Печать. Запечатана. Мысль вспыхивает в сознании и гаснет. Подумаю об этом завтра. Обязательно. Генерал встает и помогает мне подняться на ноги. Как же я бесстыдно захмелела. Шатаюсь и утыкаюсь носом в плечо генерала. Вроде бы всего один глоток, почему так? Полководец подхватывает на руки, будто я перышко.

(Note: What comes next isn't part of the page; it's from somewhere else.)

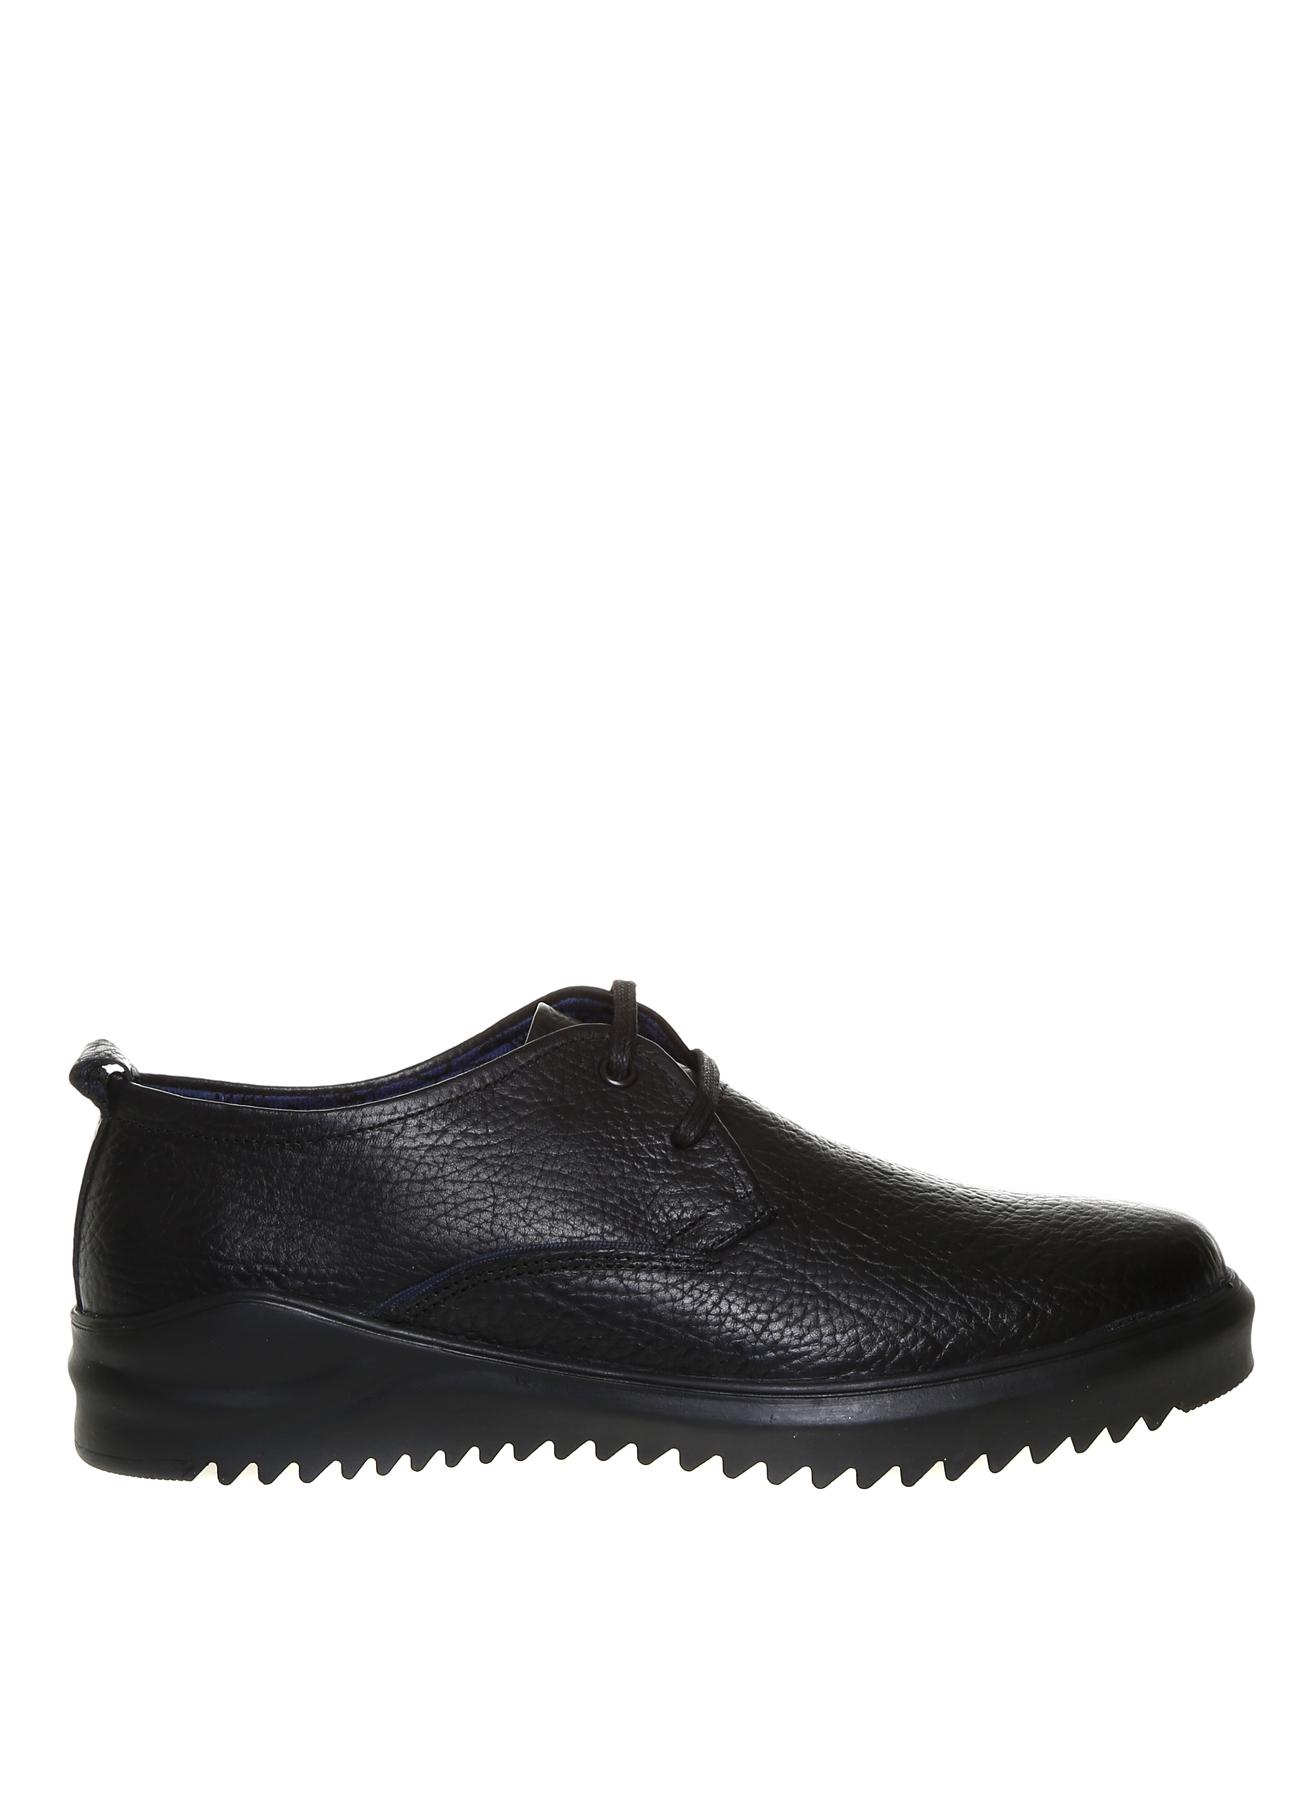 Limon Erkek Deri Siyah Klasik Ayakkabı 43 5001916482004 Ürün Resmi

– Пусти, – шепотом прошу я, – не надо на глазах у всех…
Наилий упрямо и молча идет до крыльца и только там ставит меня на землю. Видит он в темноте что ли? Я бы уже десять раз споткнулась. Натоплено в доме жарко и пахнет луговыми травами. Старомодные часы на стене отбивают ритм тихим чак-чак. Во мраке тусклый свет единственного светильника, но генерал знает, куда идти. В комнате на тумбе горит лампа. Кутает теплым светом узкую кровать с белоснежной простыней. Наилий подводит меня к ней и снимает свитер. Ласкает, скользя ладонями по груди и спине, тянет вверх ткань платья.
– Матушка зайдет или Марк, – шепчу я, – увидят.
– Нет. Взрослые все, понимают.
Комната плывет и качается на волнах. Тону в поцелуе с кислинкой дурманящей ягоды. Без платья становится холодно, но ненадолго. Наилий так ловко и быстро выбирается из комбинезона, что я завидую. И обнимает, согревая. Целую шрамы на его груди, вожу по ним языком. Сладкий и весь мой. В теле приятная слабость больше от страсти, чем от Шуи. Наша ночь, а я – легкокрылый и бесстрашный мотылек. Пропускаю сквозь пальцы пряди его волос, тяну ближе и прижимаюсь животом. Хочу чувствовать, какой твердый. Знать, что хочет меня.
– Как же ты мне нравишься такая, – тихо говорит Наилий.
– Пьяная?
– Смелая.
Генерал улыбается и гладит меня по бедрам, подхватывает так, чтобы обняла ногами. Сжимаю коленями до стона и легко касаюсь поцелуем. Дразню больше. Играю и прикусываю за губу. Один его глубокий вздох, второй.
– Не вытерплю, Дэлия, – шепчет сквозь поцелуй и садится вместе со мной на кровать. Подушку себе под спину, а меня чуть выше. Ласкает кончиками пальцев, скользит и проникает глубже. И я не вытерплю, когда вот так нежно, до сладкой боли. Со стоном сажусь на него. Медленно оседаю вниз, раскрываясь навстречу. Слушаю, как выдыхает. Задерживает в воздухе и опускает сам, крепко держа за бедра.